После Нью-Оксфорд-стрит пробка немного рассосалась, и я попросил Беверли двигаться дальше в сторону Энделл-стрит.
— Когда доберемся, держись подальше от Лесли, ясно?
— Ты что, считаешь, я способна ее заколдовать?
— Я считаю, она способна поглотить всю твою магию.
— Что, правда?
Я не мог сказать точно. Но знал, что genii locorum вроде Беверли берут магию откуда-то из окружающей среды. И, соответственно, служат лакомой добычей для призраков-вампиров — таких, как Генри Пайк. Возможно, конечно, что у них против таких штук есть некий врожденный иммунитет и волноваться не о чем, но я не мог утверждать наверняка.
— Правда.
— Вот блин, — сказала она. — Я думала, мы друзья.
Я хотел сказать что-нибудь ободряющее, но слова застряли в глотке, когда Беверли пулей рванула по односторонней улице мимо спорткомплекса «Оазис». Причем я не заметил, чтобы она хоть как-то считалась с другими участниками движения или вообще обращала на таковых внимание.
— Лесли тебе друг, — сказал я. — А вот Генри Пайк — нет.
Толпы отмечающих наступление пятницы вываливались из пабов и кафе и рассредоточивались по тротуарам. На несколько часов Лондон обрел ту самую атмосферу, по которой так тоскуют владельцы уединенных вилл в Тоскане.
Дорога сужалась, и неотвратимо близилась перспектива сбить какого-нибудь пешехода. Это даже Беверли заставило поспешно убрать ногу с акселератора.
— Осторожно, — сказал я, — люди же ходят.
— Ха! — фыркнула Беверли. — Люди не должны пьянствовать и одновременно ходить.
Мы проехали небольшую кольцевую развязку у Лонг-акр и еще раз тормознули, дабы не врезаться в очередную толпу выпивох возле «Головы Кембла» на углу. Потом выехали на Боу-стрит и прибавили газу. Возле здания Оперы не было ни полицейских машин, ни пожарных, ни еще какого-либо аварийного спецтранспорта, из чего мы заключили, что добрались вовремя. Беверли заехала на неработающую парковку напротив Оперы.
— Не выключай мотор, — попросил я, выходя из машины. Не то чтобы я предвидел поспешное отступление, просто только так можно было заставить Беверли остаться в машине — и, соответственно, в безопасности. — Если полицейские будут пытаться тебя выдворить, назови им мое имя и скажи, что я внутри, выполняю задание.
— Сработает это, как же, — передернула плечами Беверли, однако осталась в машине, чего я и добивался. Перебежав дорогу, я приблизился к главному входу и, толкнув одну из массивных дверей из стекла и красного дерева, вошел внутрь. После яркого солнечного света атриум показался мне темным и прохладным. У дверей в стеклянных витринах стояли манекены в костюмах из разных спектаклей. Я прошел мимо, к внутренним дверям, ведущим в фойе. И тут мне навстречу хлынула толпа. Я поспешно огляделся в поисках причины такого внезапного исхода. Зрители шли быстро и явно стремились к некоей цели, однако паники среди них не наблюдалось. Потом до меня дошло: начался антракт, и курильщики торопились прочь из зала, чтобы принять дозу никотина.

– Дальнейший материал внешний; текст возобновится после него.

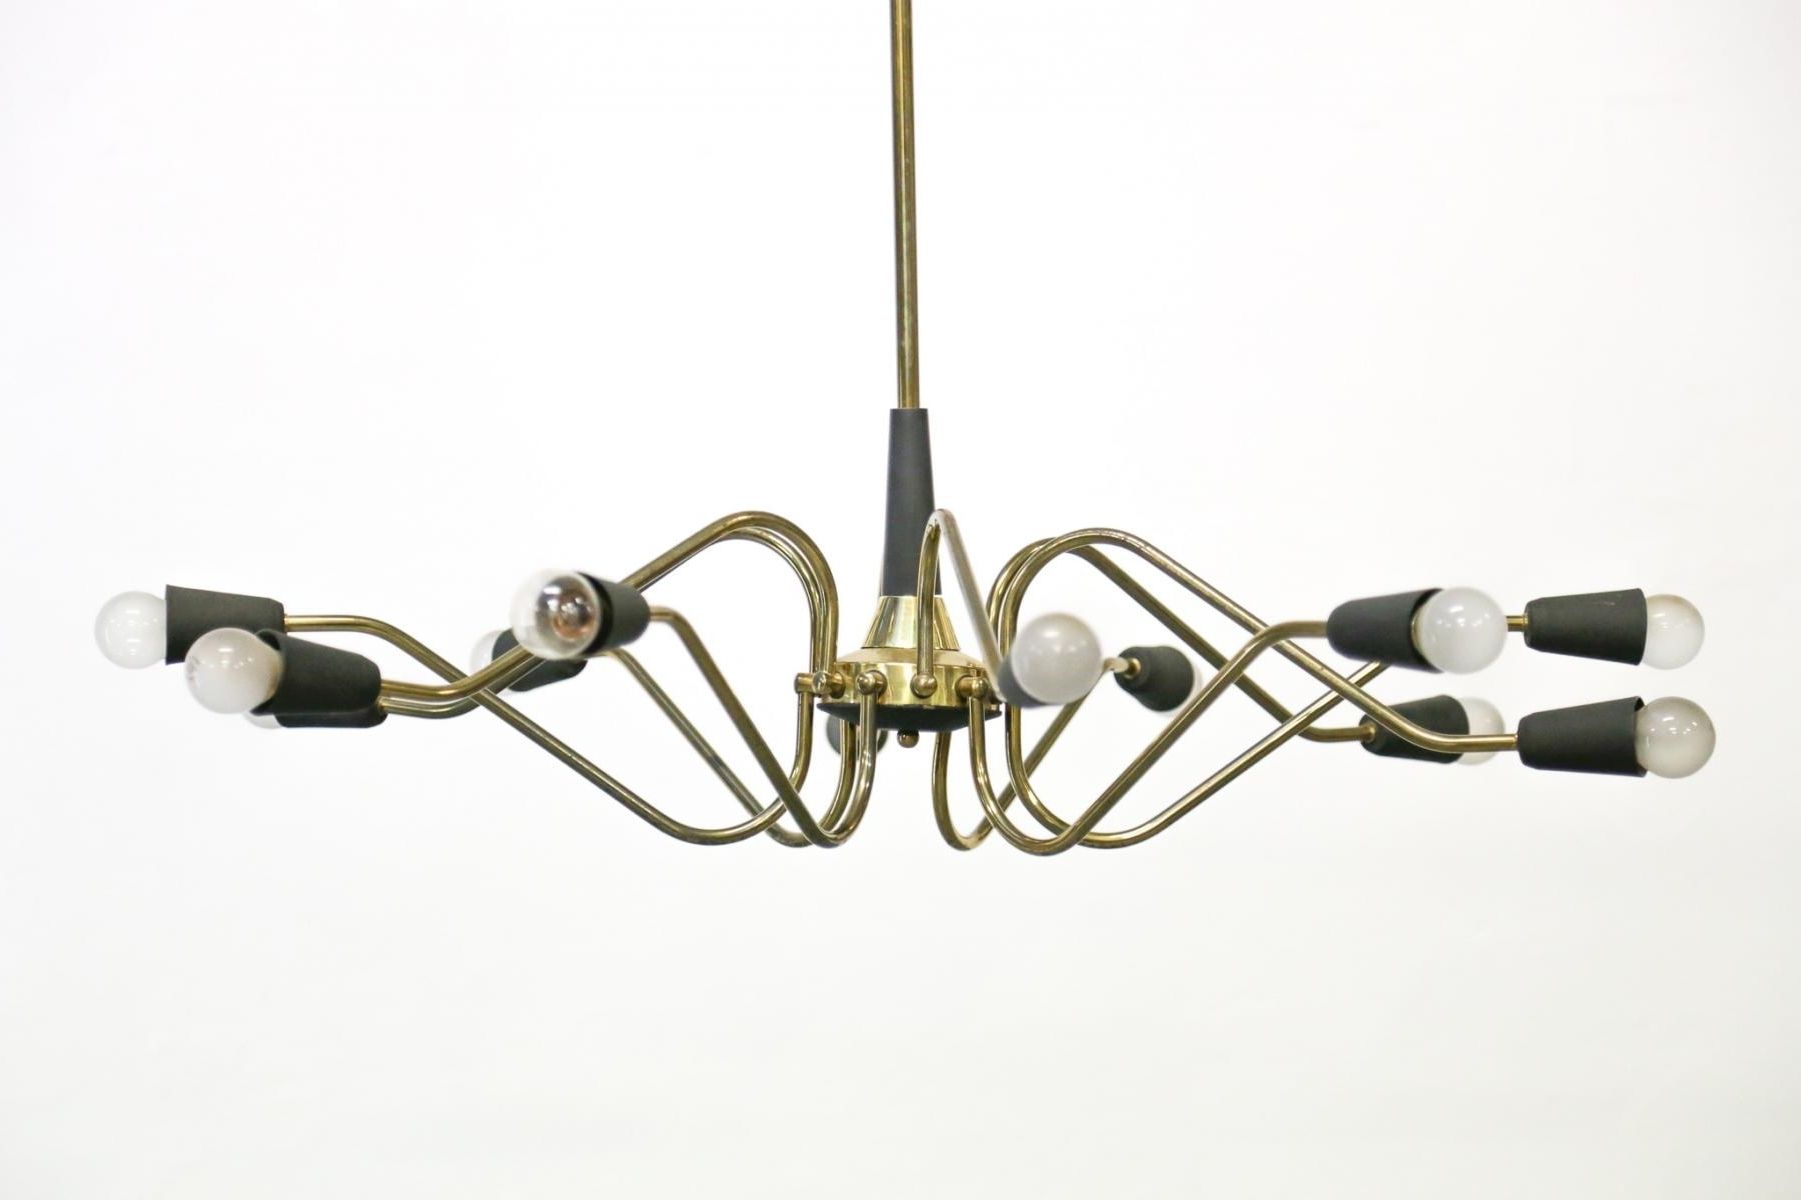 Vintage Italian Chandelier From Stilnovo For Sale At Pamono Pertaining To Most Current Vintage Italian Chandelier (View 6 of 20)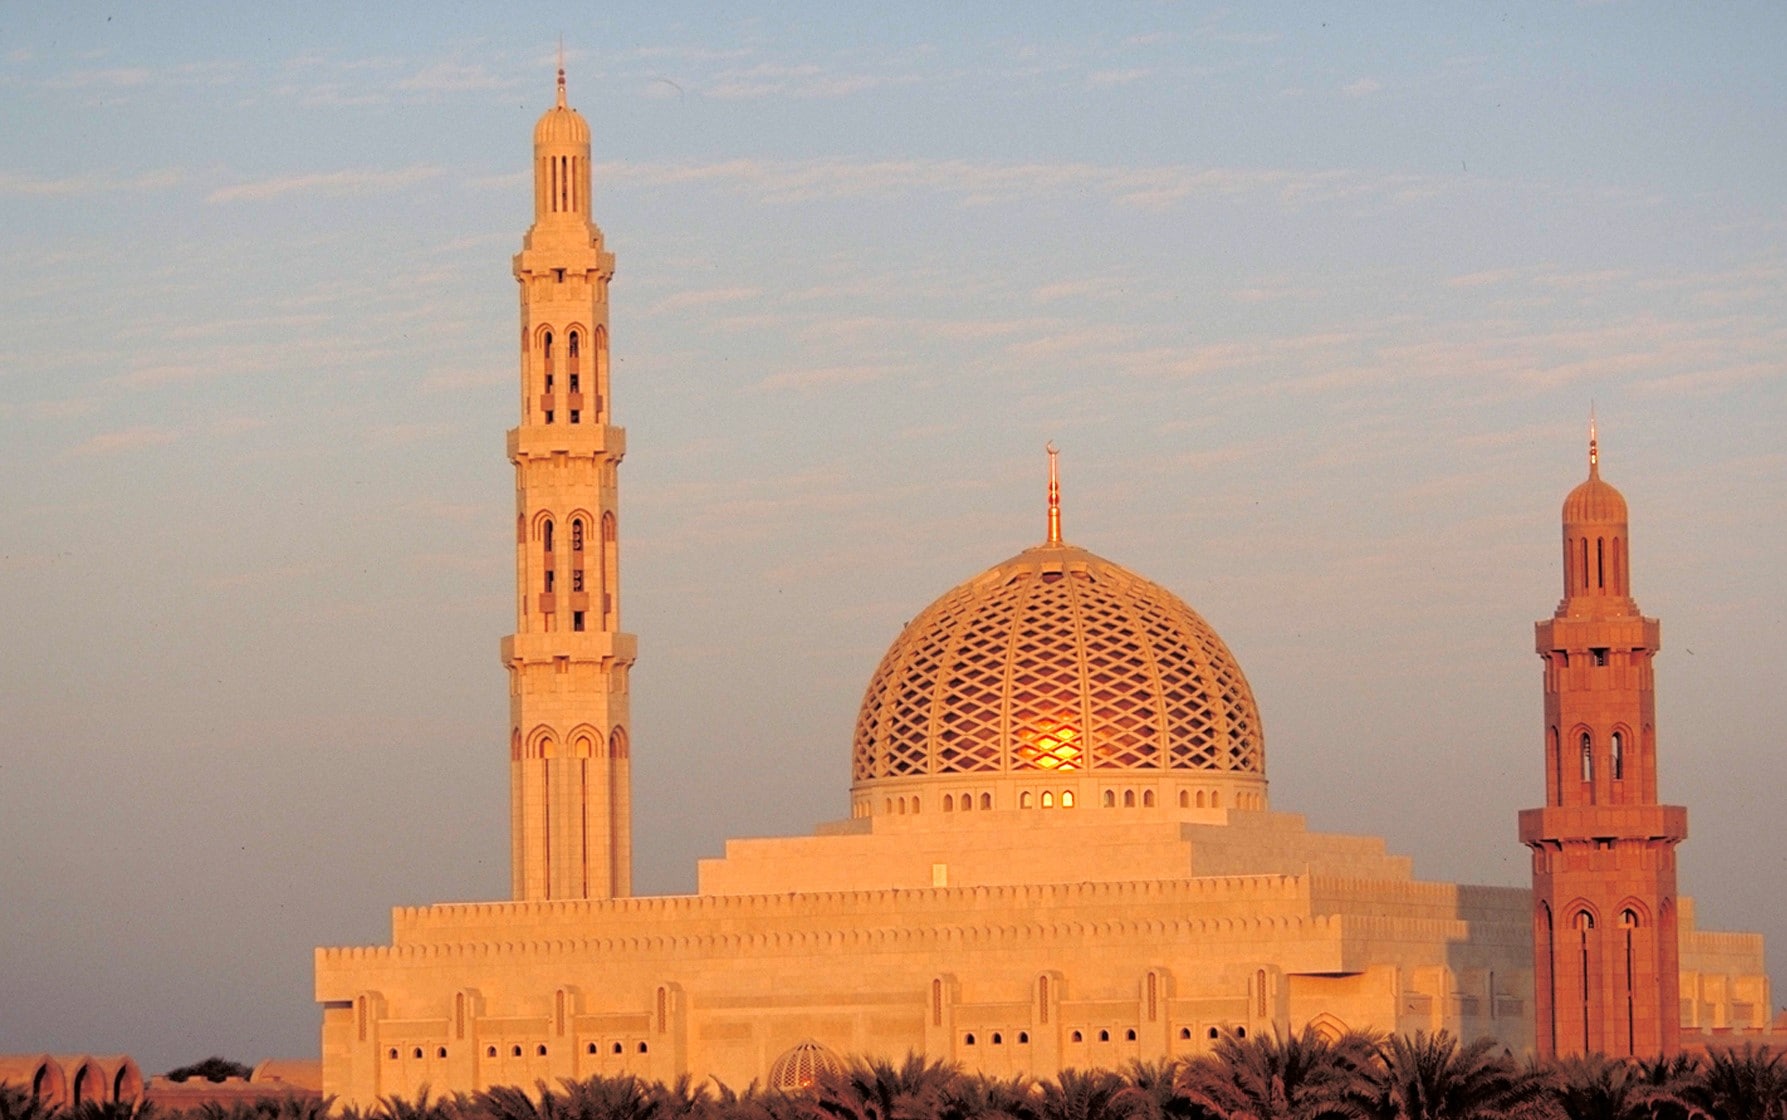 Exterior views of the Sultan Qaboos Grand Mosque during sunset, Bawshar, Oman

И точно: из дверей с надписью «партер» текла толпа, направляясь в туалеты и бар — очевидно, именно в таком порядке. Оставаясь на месте, я наблюдал за выходящими. Заметил Сивелла — человека таких габаритов трудно не заметить. Что же касается внешнего вида любителей оперы, то я был разочарован: все они, конечно, были одеты дорого и стильно, но повседневно. Лишь несколько вечерних платьев хоть как-то оживляли общую картину. Я ожидал гораздо большего. Поток зрителей между тем стал редеть, я влился в него, и он понес меня влево, мимо раздевалки и лестницы, к центральному ресторану. Это был, судя по табличке, «Ресторан Первого яруса». Он представлял собой несколько тысяч кубометров сосновой древесины и чугунный каркас в викторианском стиле. Созданный для обслуживания толпы в антракте, когда тысячи слегка поддатых театралов устремляются отполировать поглощенную музыку порцией джина с тоником, он состоял из просторных зон отдыха с мягкой мебелью и сияющими медными светильниками. Стеклянно-металлическая арка крыши была выкрашена в белый. Как будто вокзал «Сент-Панкрас» взялась реставрировать компания «ИКЕА». Если бы Паровозик Томас жил в Швеции, его гостиная выглядела бы примерно так же.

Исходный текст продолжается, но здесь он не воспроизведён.